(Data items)
------------------------------------

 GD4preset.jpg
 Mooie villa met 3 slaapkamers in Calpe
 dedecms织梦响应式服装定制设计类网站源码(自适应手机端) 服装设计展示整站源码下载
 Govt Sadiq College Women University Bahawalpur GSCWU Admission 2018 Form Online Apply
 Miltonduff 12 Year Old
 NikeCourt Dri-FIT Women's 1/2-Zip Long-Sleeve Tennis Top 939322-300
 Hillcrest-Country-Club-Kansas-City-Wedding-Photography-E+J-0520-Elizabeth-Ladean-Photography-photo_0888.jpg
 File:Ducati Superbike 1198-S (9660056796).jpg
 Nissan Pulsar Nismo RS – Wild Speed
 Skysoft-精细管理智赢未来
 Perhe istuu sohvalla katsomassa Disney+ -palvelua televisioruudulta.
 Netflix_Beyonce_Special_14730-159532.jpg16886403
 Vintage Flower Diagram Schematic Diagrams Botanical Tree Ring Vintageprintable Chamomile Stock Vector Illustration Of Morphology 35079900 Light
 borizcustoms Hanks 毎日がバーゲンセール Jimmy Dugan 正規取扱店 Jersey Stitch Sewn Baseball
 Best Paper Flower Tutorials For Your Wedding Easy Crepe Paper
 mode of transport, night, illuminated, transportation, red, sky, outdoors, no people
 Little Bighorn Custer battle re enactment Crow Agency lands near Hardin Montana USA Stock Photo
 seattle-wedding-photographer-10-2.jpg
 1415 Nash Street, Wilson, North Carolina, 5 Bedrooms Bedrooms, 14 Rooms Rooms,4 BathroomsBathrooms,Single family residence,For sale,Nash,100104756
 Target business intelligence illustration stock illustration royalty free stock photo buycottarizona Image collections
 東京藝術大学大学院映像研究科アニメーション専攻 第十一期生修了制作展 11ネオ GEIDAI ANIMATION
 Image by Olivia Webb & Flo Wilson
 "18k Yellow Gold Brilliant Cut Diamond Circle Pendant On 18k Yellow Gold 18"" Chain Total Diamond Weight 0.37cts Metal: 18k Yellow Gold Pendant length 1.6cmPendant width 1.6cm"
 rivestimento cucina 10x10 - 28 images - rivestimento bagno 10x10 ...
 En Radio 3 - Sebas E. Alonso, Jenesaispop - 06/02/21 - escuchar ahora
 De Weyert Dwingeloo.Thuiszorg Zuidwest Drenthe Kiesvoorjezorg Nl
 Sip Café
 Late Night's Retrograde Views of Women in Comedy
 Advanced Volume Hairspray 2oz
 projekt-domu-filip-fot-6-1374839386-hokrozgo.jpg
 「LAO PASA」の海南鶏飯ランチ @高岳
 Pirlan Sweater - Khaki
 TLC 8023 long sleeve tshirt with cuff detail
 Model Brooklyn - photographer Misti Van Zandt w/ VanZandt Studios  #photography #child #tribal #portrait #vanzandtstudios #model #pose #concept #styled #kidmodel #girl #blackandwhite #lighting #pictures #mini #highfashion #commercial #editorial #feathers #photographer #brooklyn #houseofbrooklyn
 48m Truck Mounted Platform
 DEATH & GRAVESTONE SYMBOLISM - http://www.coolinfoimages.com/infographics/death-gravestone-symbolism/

------------------------------------

_AIM OF THE TASK_
Please let your answer be exactly the lines from the one holding "Advanced Volume Hairspray 2oz" through the last line of the entries above, both ends included.

_TASK ANSWER_
 Advanced Volume Hairspray 2oz
 projekt-domu-filip-fot-6-1374839386-hokrozgo.jpg
 「LAO PASA」の海南鶏飯ランチ @高岳
 Pirlan Sweater - Khaki
 TLC 8023 long sleeve tshirt with cuff detail
 Model Brooklyn - photographer Misti Van Zandt w/ VanZandt Studios  #photography #child #tribal #portrait #vanzandtstudios #model #pose #concept #styled #kidmodel #girl #blackandwhite #lighting #pictures #mini #highfashion #commercial #editorial #feathers #photographer #brooklyn #houseofbrooklyn
 48m Truck Mounted Platform
 DEATH & GRAVESTONE SYMBOLISM - http://www.coolinfoimages.com/infographics/death-gravestone-symbolism/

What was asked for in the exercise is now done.